Among mycologists, there is some disagreement over what should be called a yeast. Many mycologists use the term to describe any fungus that has a unicellular budding format any time in its life. They often use the term “monomorphic” to describe those that are always unicellular and the term “dimorphic” to describe those that can have both unicellular and filamentous growth.
Others, however, reserve the name yeast for those species that are permanently unicellular and use the term “yeastlike” to describe those fungi that can alternate between mycelial and unicellular forms. Because some species that have traditionally been called yeasts have later been shown to have a mycelial form, the former broader definition will be used here.
Yeasts are found in all three major fungal phyla, Zygomycota, Ascomycota, and Basidiomycota, but the vast majority are ascomycetes. As in many fungi, the placement of some species in the proper phylum is made difficult by the lack of data on sexual reproduction.
In others, the sexually reproducing, or telomorph, formand the asexually reproducing, or anamorph, form have been assigned different names. In addition, dimorphic fungi were often assigned different names for their yeast and mycelial phases.
Mucor indicus (synonymous with Mucor rouxii) is a zygomycote yeast. Basidiomycete genera include Filobasidiella (anamorph: Cryptococcus), Rhodospiridium, and Ustilago. Some ascomycote genera are Saccharomyces, Candida, Blastomyces, and Ajellomyces (anamorph: Histoplasma).
The most common reproductive mechanism seen in yeasts is budding. During this asexual process the nucleus divides, and a small section of the original cell containing one of the new nuclei begins to bulge from the original cell. The cell and the bud begin to separate by the formation of a new cell wall called, at this stage, the cell plate.
The bud grows and, usually, separates from the original cell. In some species, buds do not separate and, after they have grown, may produce buds of their own. This pattern leads to a connected group of cells produced by sequential budding referred to as a pseudomycelium.
|budding Yeast Cell (Saccharomyces Cerevisiae)|
Yeasts may bud newcells from any part of the original cell (called multilateral budding) or from just the tips of the cell (called polar budding). The release of a bud often leaves a bud scar, and the scarred area is usually not able to produce another bud.
Other methods of reproduction include fission, in which the original cell divides equally, and the production of various kinds of spores occurs both asexually and sexually.
Like all fungi, yeasts are eukaryotic organisms that can exist in haploid, diploid, and dikaryotic (two haploid nuclei per cell) states. Unlike filamentous fungi, in which the zygote is the only diploid cell, ascomycote yeasts such as Saccharomyces can have a prolonged diploid state after the haploid nuclei of the dikaryote fuse.
Cell components of yeasts are quite similar to those of filamentous fungi. One exception is that monomorphic yeasts have much lower levels of chitin in their cell walls, and the small amount that is present is foundmainly in the bud scars.
Both brewing and bread-making, which use various Saccharomyces species, have existed for millennia. Four-thousand-year-old tomb paintings in Egypt depict both, but only since the mid-1800’s has the involvement of yeast in these processes been studied.
In both, complex carbohydrates are converted to glucose, and the yeast ferments glucose, producing ethyl alcohol and carbon dioxide. Saccharomyces cerevisiae is the most common baker’s yeast, although Candida milleri is important in the production of sourdough breads.
In beer brewing, the bottom-fermenting Saccharomyces carlsbergensis, which tolerates cold (10 degrees Celsius) is the most commonly used yeast. Wines, a few beers, and most ales use Saccharomyces cerevisiae, a top fermenter that requires higher temperatures (20-25 degrees Celsius).

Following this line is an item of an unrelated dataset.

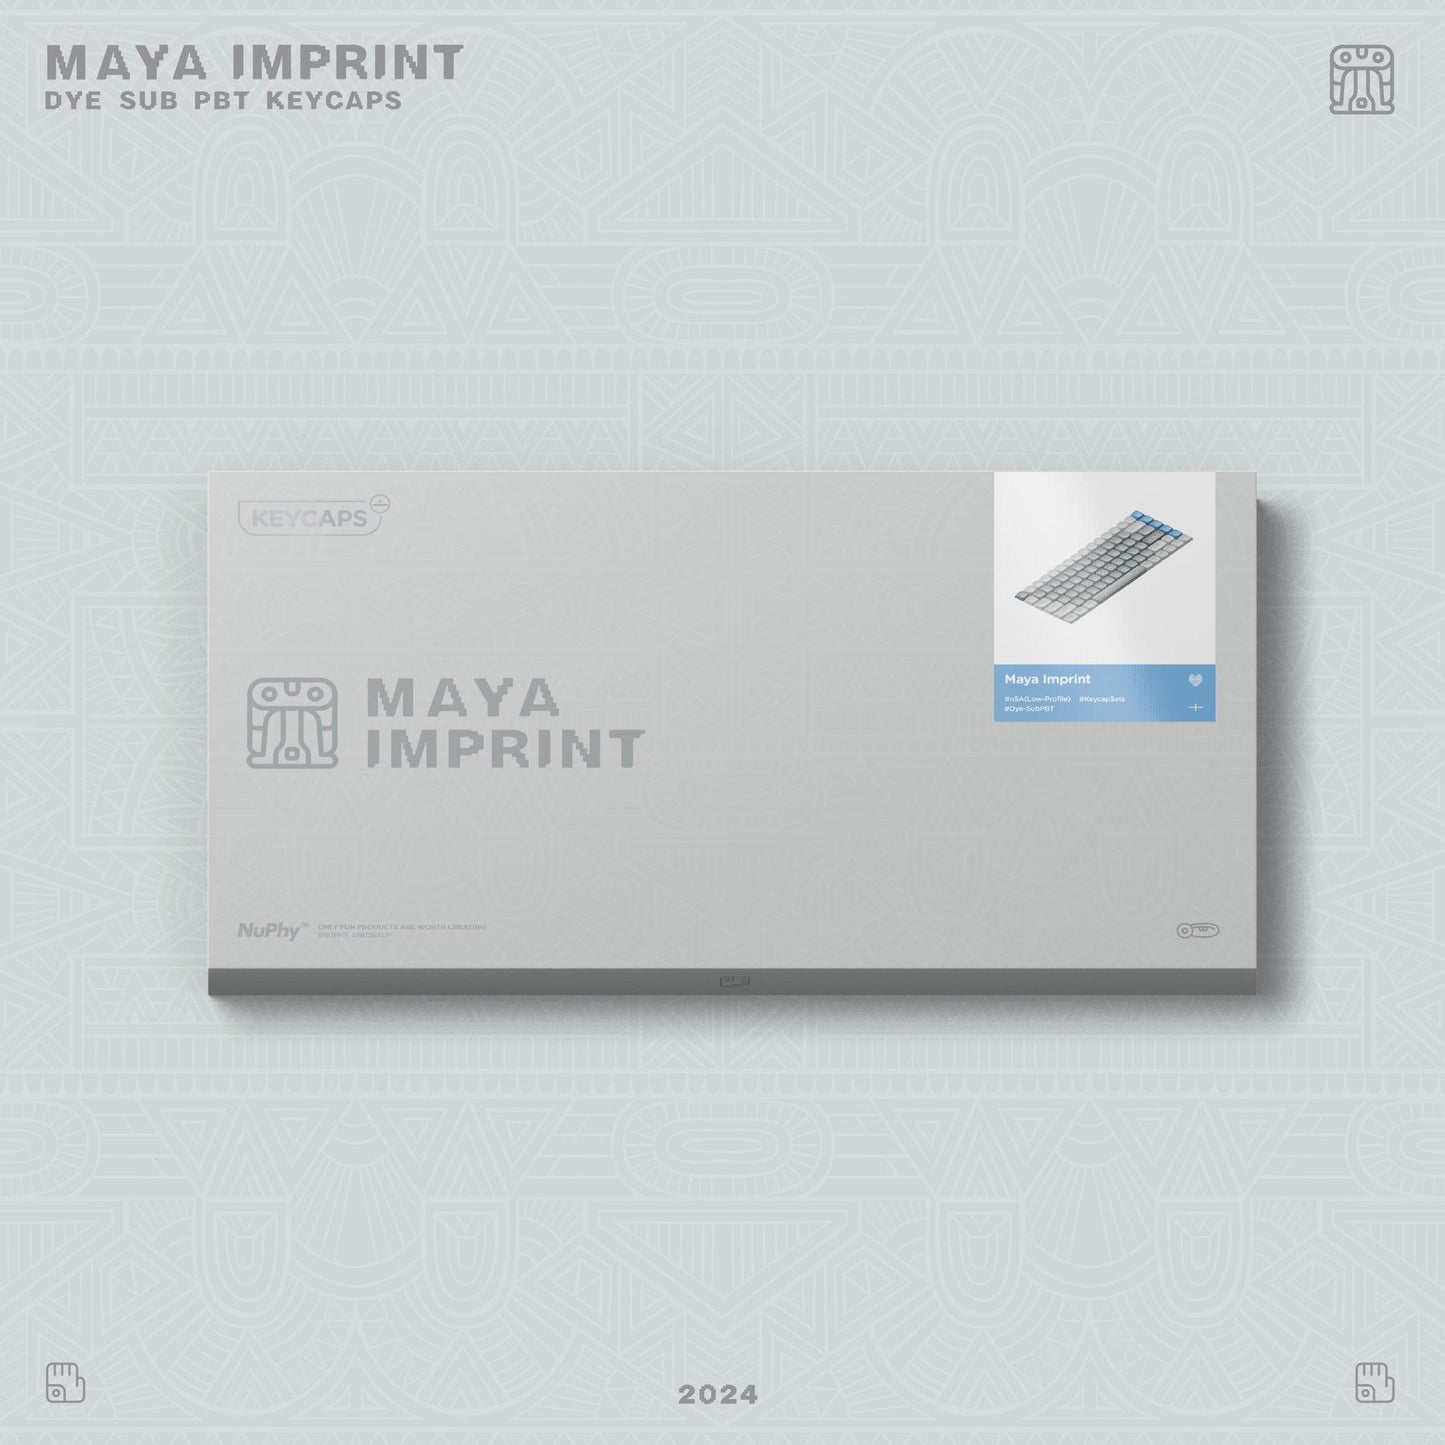 NuPhy x Keytok Maya Imprint nSA Low-Profile Keycaps
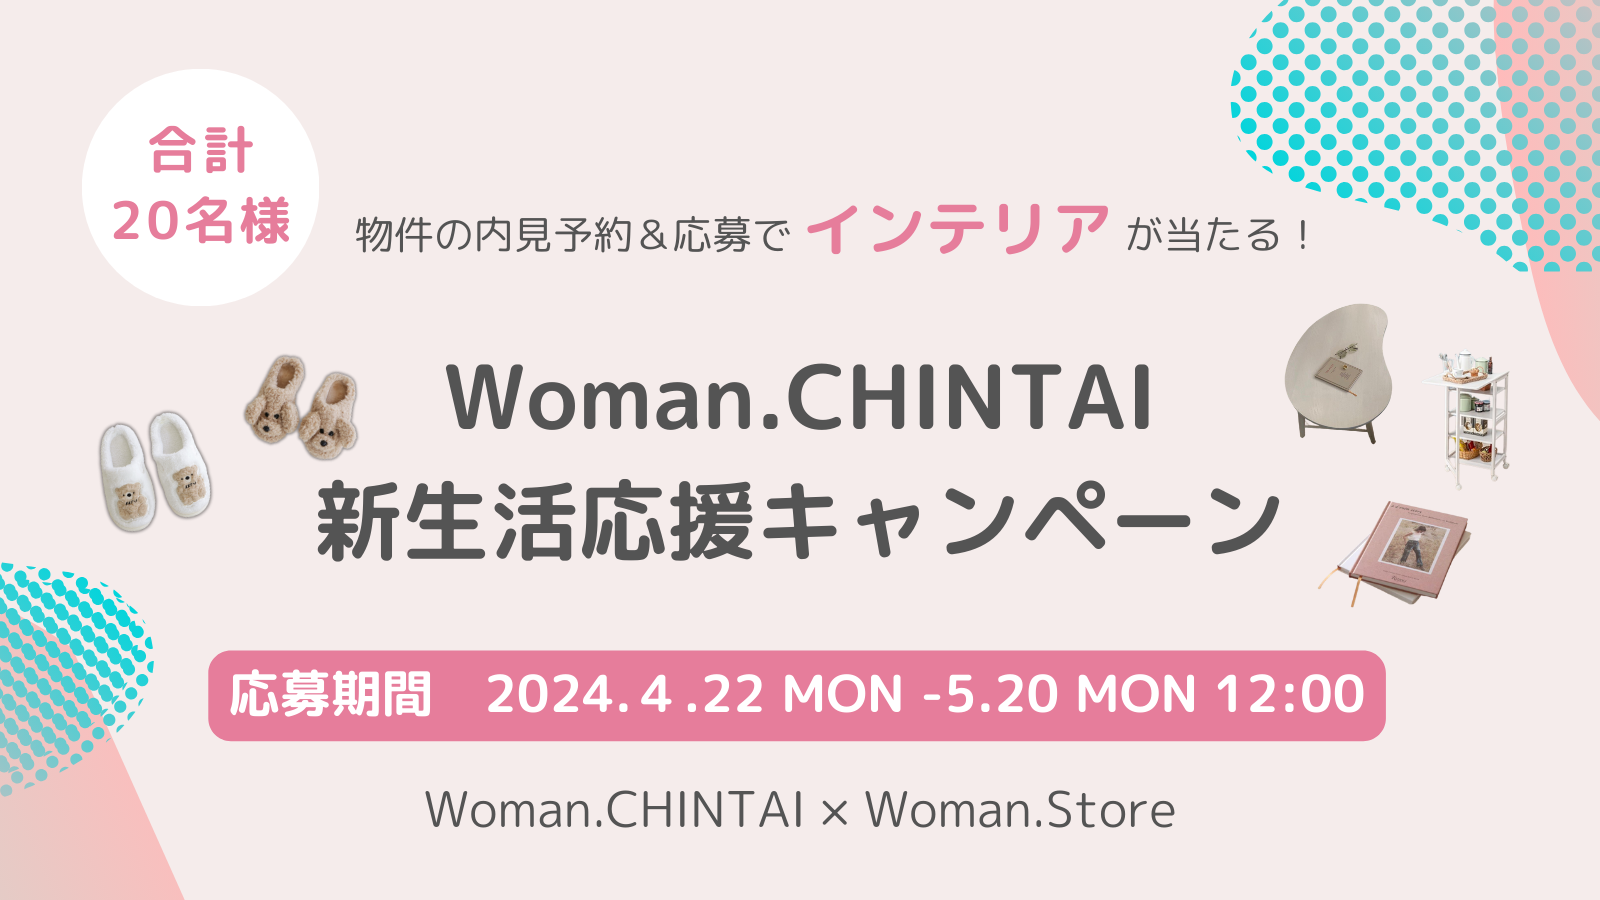 Woman.CHINTAI新生活応援キャンペーン

Yeasts are also important in the development of flavor and texture in certain cheeses. Production of Limburger, Camembert, Brie, and Swiss cheeses all rely on yeast fermentation. Because of their high nutrient content, yeasts themselves are important foods and food additives.
Yeasts have also been used in the production of various industrial chemicals and biochemicals, including glycerol, ethanol, B vitamins, and polysaccharides. With the advent of modern genetic techniques, yeasts are being engineered to produce many other useful products.
Many yeasts can cause disease in plants or animals. Histoplasma capsulatum, Blastomyces dermatiditis, and Cryptococcus neoformans are all dimorphic fungi that can cause systemic infection in humans when the fungi are in the yeast form.
Candida albicans, also dimorphic, is an opportunistic human pathogen which is pathogenic in its filamentous form. Most Candida infections, such as vaginal yeast infections and thrush, are superficial, but systemic infections can occur in immunocompromised individuals.
Pneumocystis carini, which causes respiratory infections in patients with acquired immunodeficiency syndrome, was originally classified as a protist but is now thought to be a dimorphic fungus. The dimorphic genera Ustilago and Taphrina both contain many plant pathogens.